PJLink Projector / Display
PJLink is the JBMIA industry-standard network-control protocol for projectors and large-format displays. A single PJLink driver covers most modern commercial projectors and signage panels — Epson, NEC, Panasonic, Sharp, Sony, Maxell/Hitachi, Christie, BenQ, ViewSonic, Optoma, Ricoh, JVC, LG and many others — without needing a per-brand driver.
GEM's PJLink driver speaks Class 1 commands (which Class 2 projectors also accept) over TCP/4352 and handles the projector's MD5 challenge-response authentication transparently.
Prerequisites
- The projector supports PJLink (Class 1 minimum). Most commercial projectors shipped in the last 10+ years do; consumer "home cinema" projectors often do not — check the model's spec sheet.
- PJLink is enabled in the projector menu. Different menus call it Network Control, Standby Network, Project Control via LAN, or PJLink. The setting is normally on the same page as the IP / DHCP configuration.

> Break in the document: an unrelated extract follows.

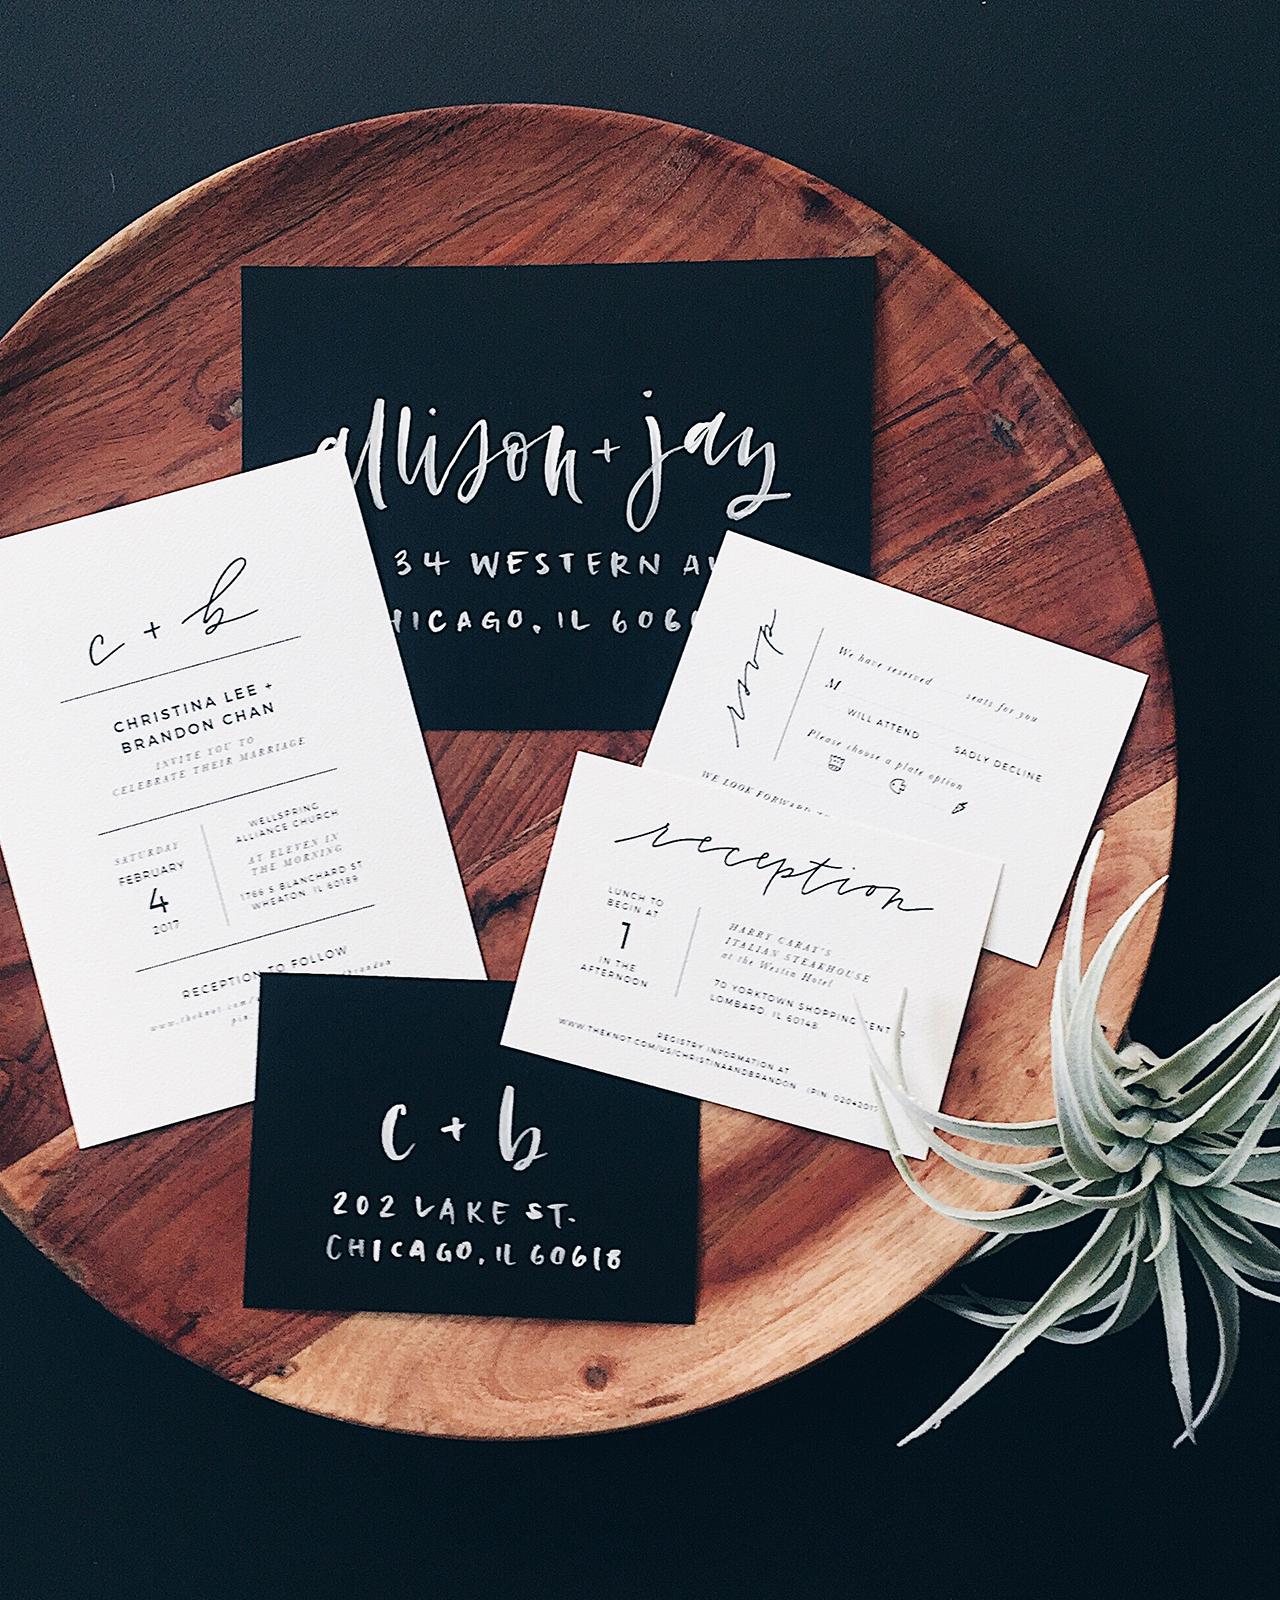 Black and White Invitation New Minimalist Black and White Hand Lettered Wedding Invitations

- The projector's IP is reachable from the GEM controller on TCP port 4352.
- Standby mode is set to Network On / Standard / Communication On — the Eco standby mode usually disables LAN control, which means PJLink works while the projector is on but you cannot power it on again over the network.
- If a PJLink password is set in the projector menu, you know it. A blank password in the projector menu means "no authentication".
Setup steps
- In the projector network menu, note the IP address (or assign a DHCP reservation so it doesn't move) and the PJLink password if one is set.
- In GEM, Admin → Devices → New, pick the PJLink Projector / Display driver.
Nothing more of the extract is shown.